The judgment for ELCO by directed verdict established only that ELCO was not an insurer and did not have a contract with the plaintiff or the plaintiff's patient to provide PIP benefits. Whatever the relationship was between ELCO and the ERAC defendants was not essential to the ruling on the directed verdict. The ERAC defendants cannot use the judgment in the original action to defeat the plaintiff's claims in this action through issue preclusion. This is consistent with ELCO's position in the original action that it was not responsible for any obligations of the ERAC defendants. The ruling for ELCO could bar the plaintiff's claims against the ERAC defendants only if they could establish that they were in privity with ELCO. They cannot. The only evidence in the record is that ELCO administered claims for the ERAC defendants, including the plaintiff's. We have no evidence in the record whether ELCO was an independent claims service provider or had some other relationship with the ERAC defendants, such as a subsidiary as they argue. [Note 4]

When the court allowed the motion to dismiss the current action against the ERAC defendants, judgment had entered in the original action and what was "pending" was a postjudgment motion by the plaintiff to amend to add the ERAC defendants and for reconsideration. Under the circumstances, where the trial court denied that motion, it was error for it to allow simultaneously the motion to dismiss the current action because of a prior pending action whose outcome did not preclude this action as res judicata because of claim or issue preclusion.

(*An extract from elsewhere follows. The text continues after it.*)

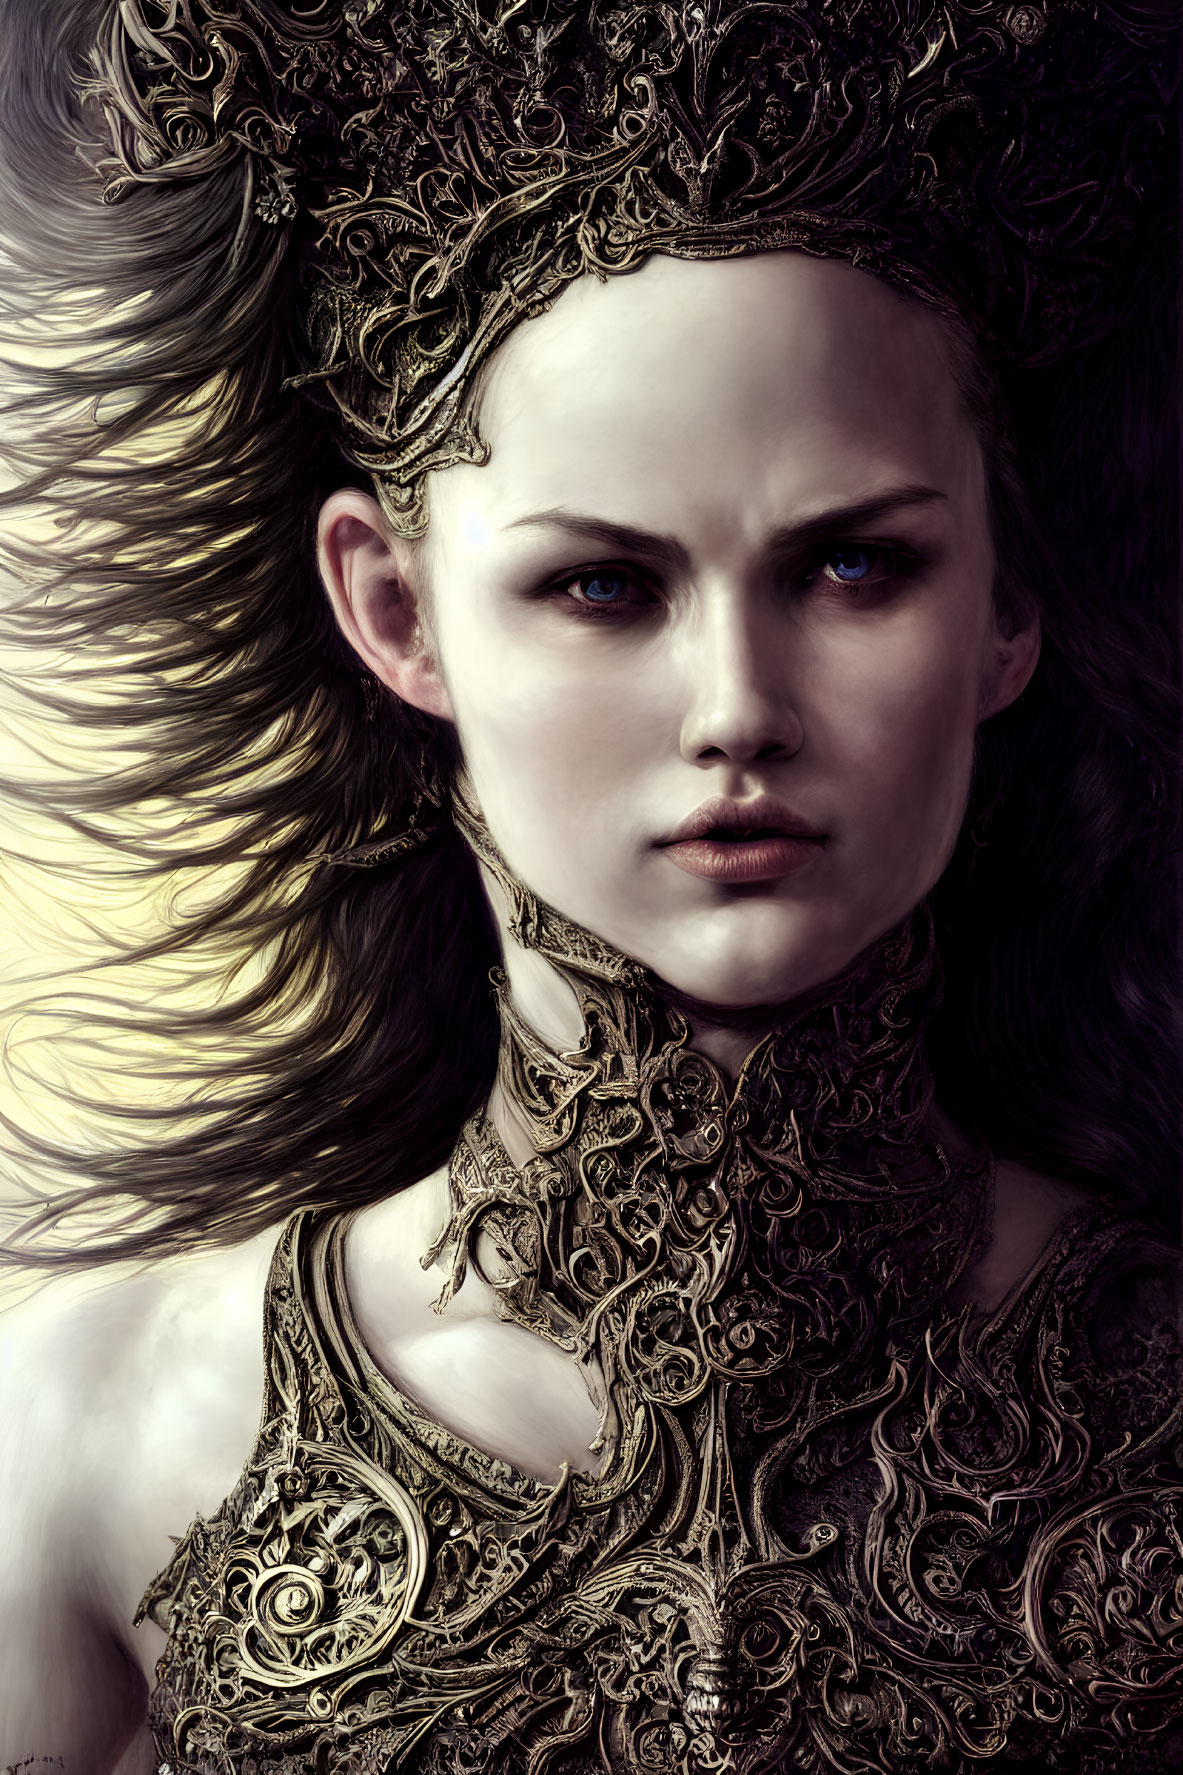 Detailed digital artwork: Woman in golden armor with elaborate headdress.

Judgment vacated, and the matter is returned to the trial court for further proceedings.

So ordered.


FOOTNOTES

[Note 1] Enterprise Rent-A-Car Company.

[Note 2] Because the parties to this appeal included a substantial part of the record in the original action in the record of this appeal, but not the exhibits, this Division requested the trial court to provide it with the exhibits. They did not contain any contract of insurance or rental contract.

[Note 3] General Laws c. 90, §§ 34A and 34M authorize parties to furnish a motor vehicle liability bond that includes personal injury protection benefits.

[Note 4] We express no view whether more evidence about the nature of any relationship between ELCO and the ERAC defendants might warrant the application of issue preclusion upon the plaintiff's current claims.